The architecture is designed to support 24/7 transactions, integration with Swift messaging for international transfers, and API connections that natively communicate with existing institutional workflows. For large investors who have historically avoided Bitcoin due to operational friction and technical complexity, this setup removes most obstacles.
Integrated Digital Asset Platform: from theory to practice
Citi’s Integrated Digital Asset Platform was developed in phases. The initial launch will offer core custody capabilities, while more sophisticated features — such as advanced asset segregation and collateral management — will be introduced in subsequent stages.

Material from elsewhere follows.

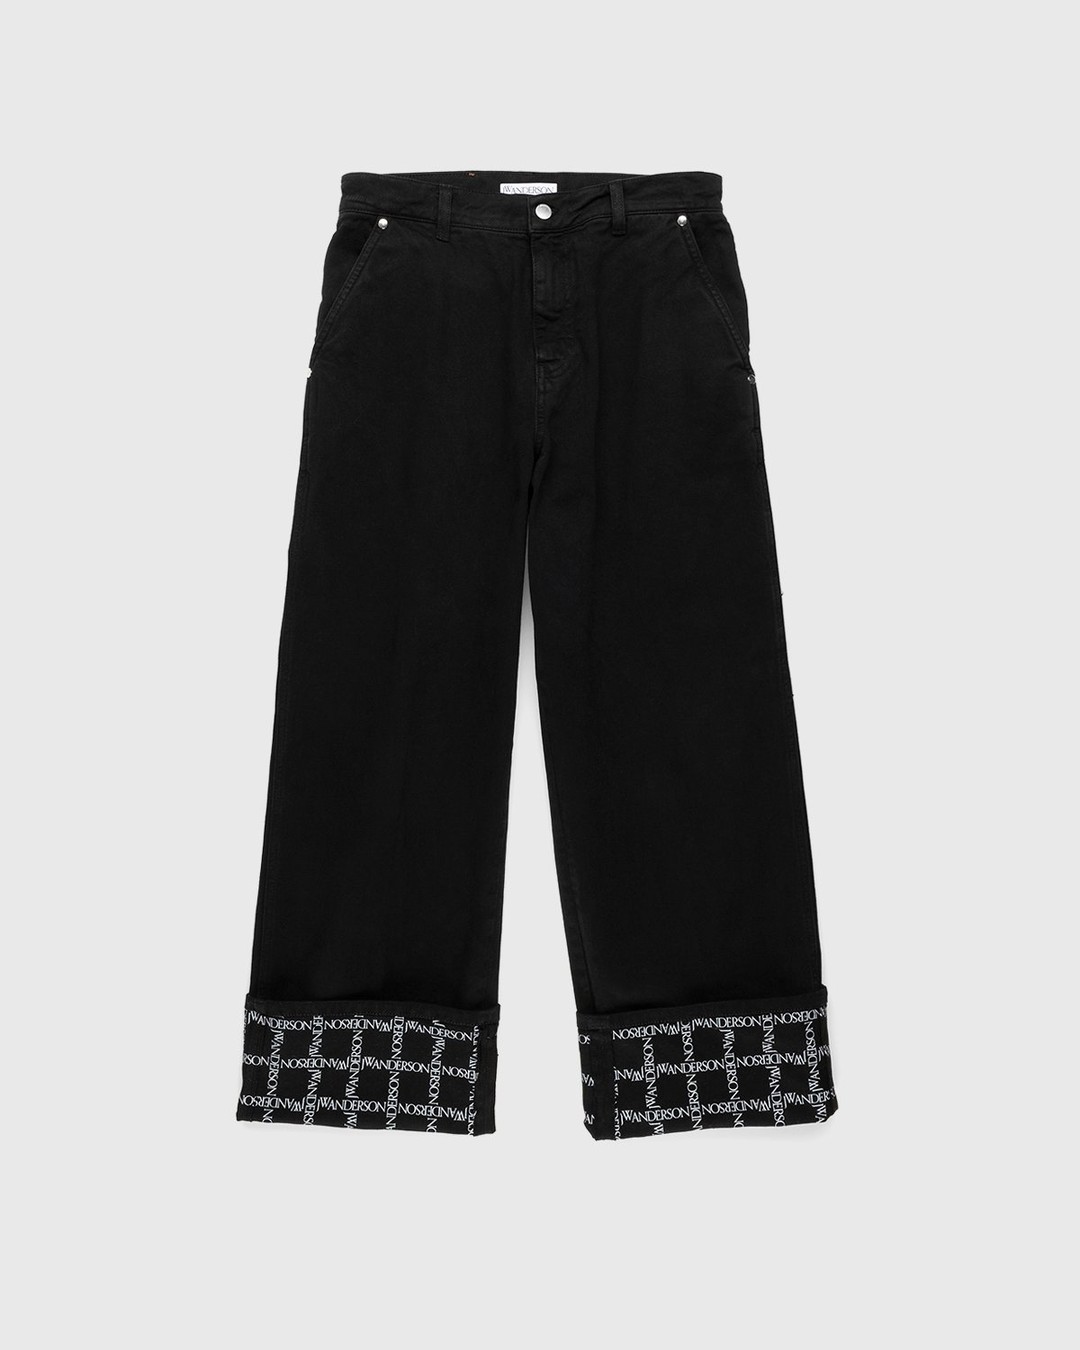 J.W. Anderson – Logo Grid Cuff Wide Leg Jeans Black - Denim - Black - Image 1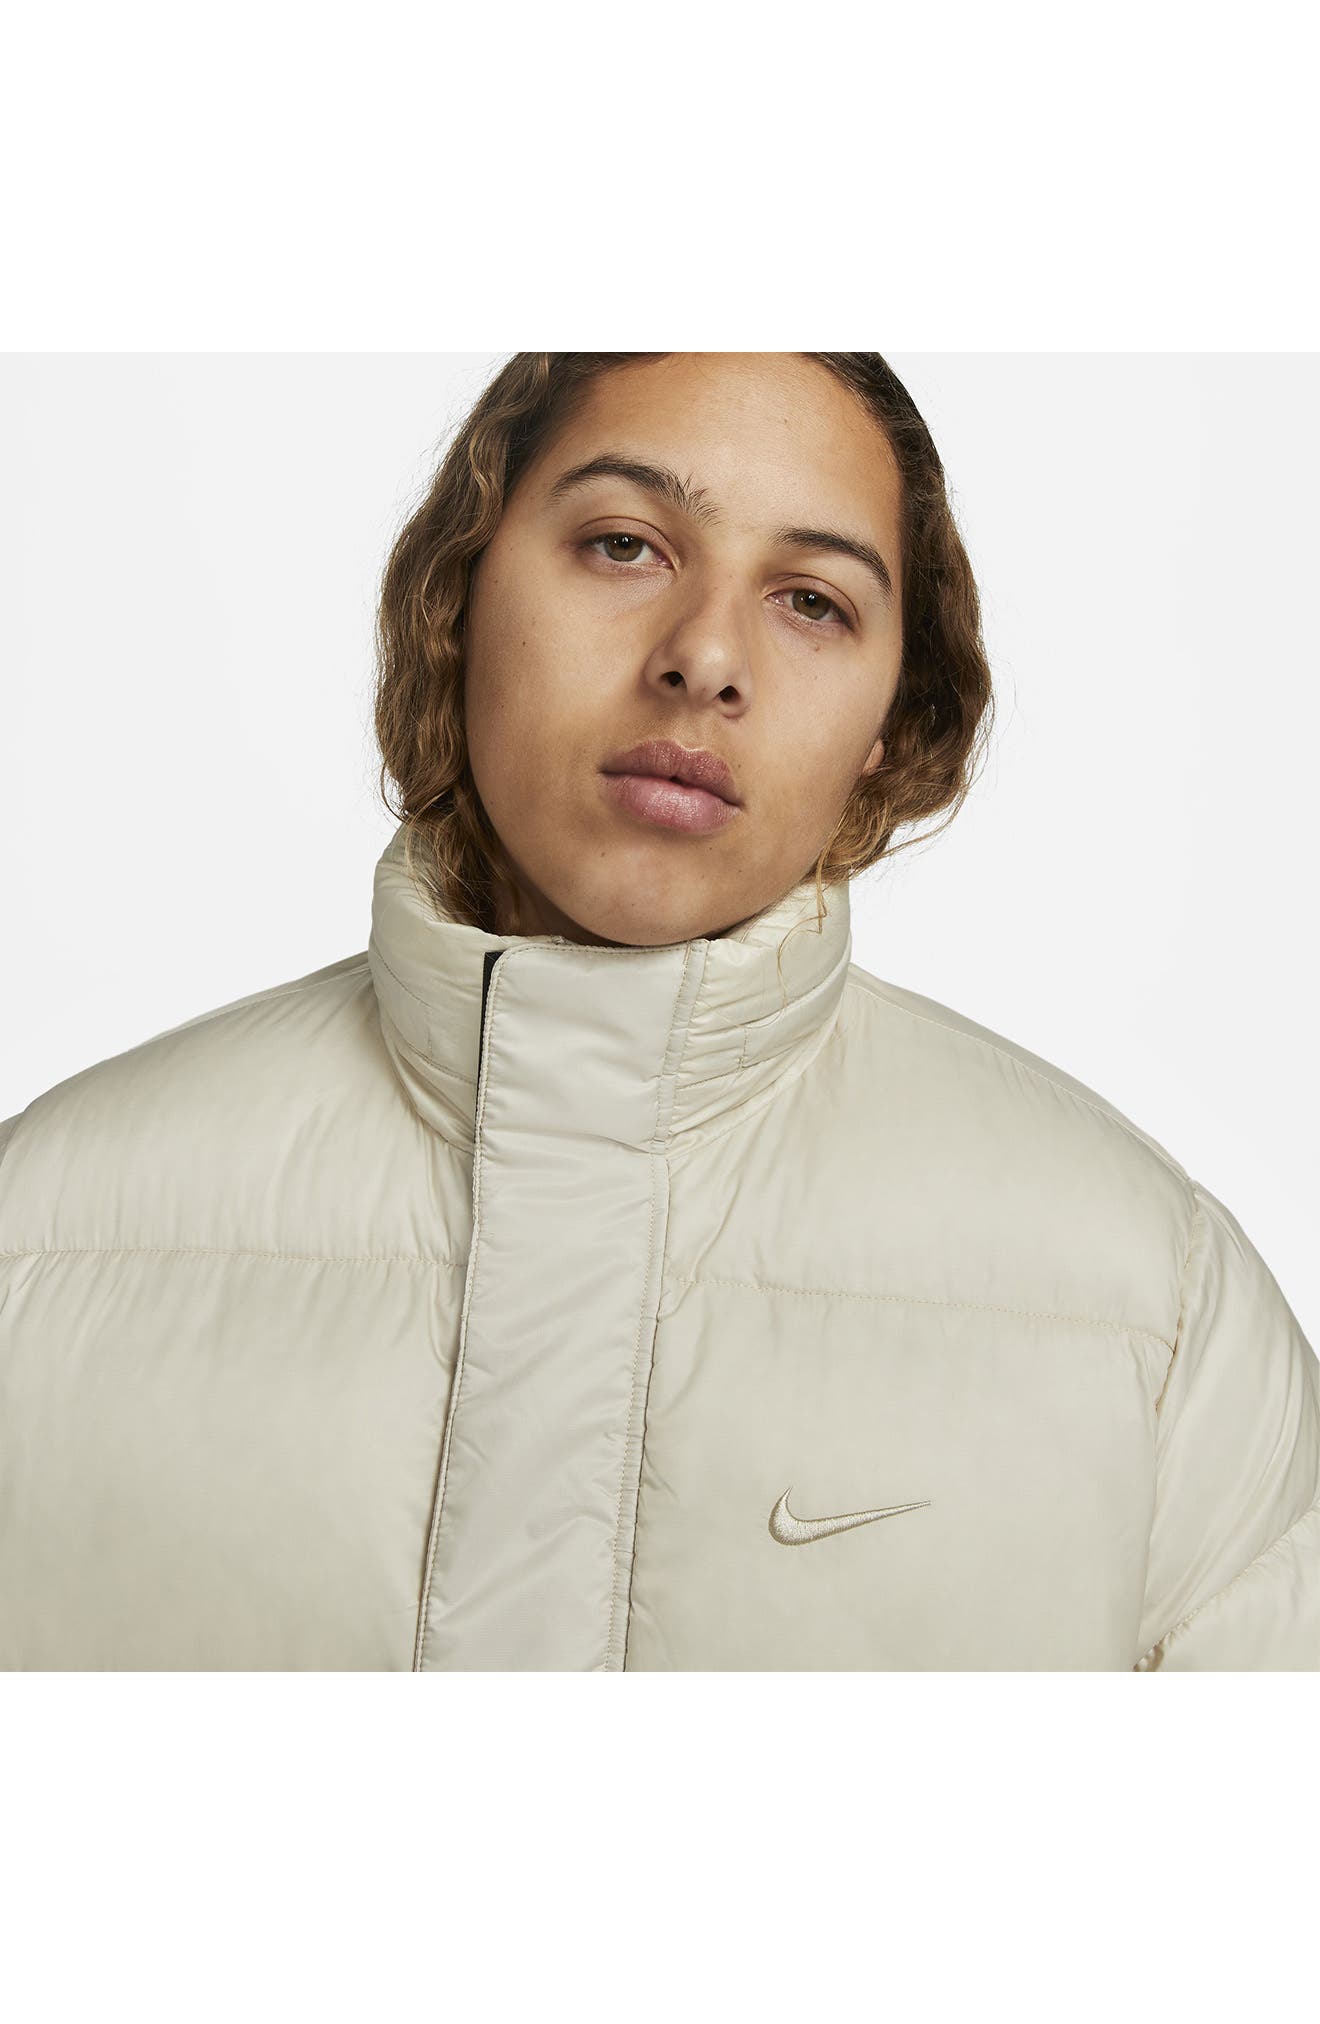 Nike New York Yankees Women's Therma Full Zip Fleece Jacket - Macy's

The bank has left open the possibility of strategic partnerships with blockchain technology experts to enhance the platform as it evolves.
This gradual approach contrasts with competitors like BNY Mellon and JPMorgan, which have already begun their cryptocurrency custody journeys. But Citi’s goal goes beyond offering an isolated Bitcoin product. The ambition is to enable Bitcoin to circulate within the same central banking systems used throughout the bank’s asset management operations. For a pension fund, this means applying the same reporting, compliance, and risk management protocols to Bitcoin as to any other asset class — no parallel platform, no operational exceptions.
Why this matters in the market context
Citigroup’s timing coincides with a structural shift in the institutional Bitcoin market. After the approval of spot Bitcoin exchange-traded funds (ETFs) in the U.S. in 2024, and with several large corporations adding Bitcoin to their balance sheets over recent months, institutional custody demand has accelerated.
A custody solution offered by one of the world’s largest financial centers — with the full regulatory and operational strength of an institution like Citi — adds a decisive layer of legitimacy to Bitcoin as a long-term institutional asset. It’s not just about technology; it’s about trust and true integration into core banking.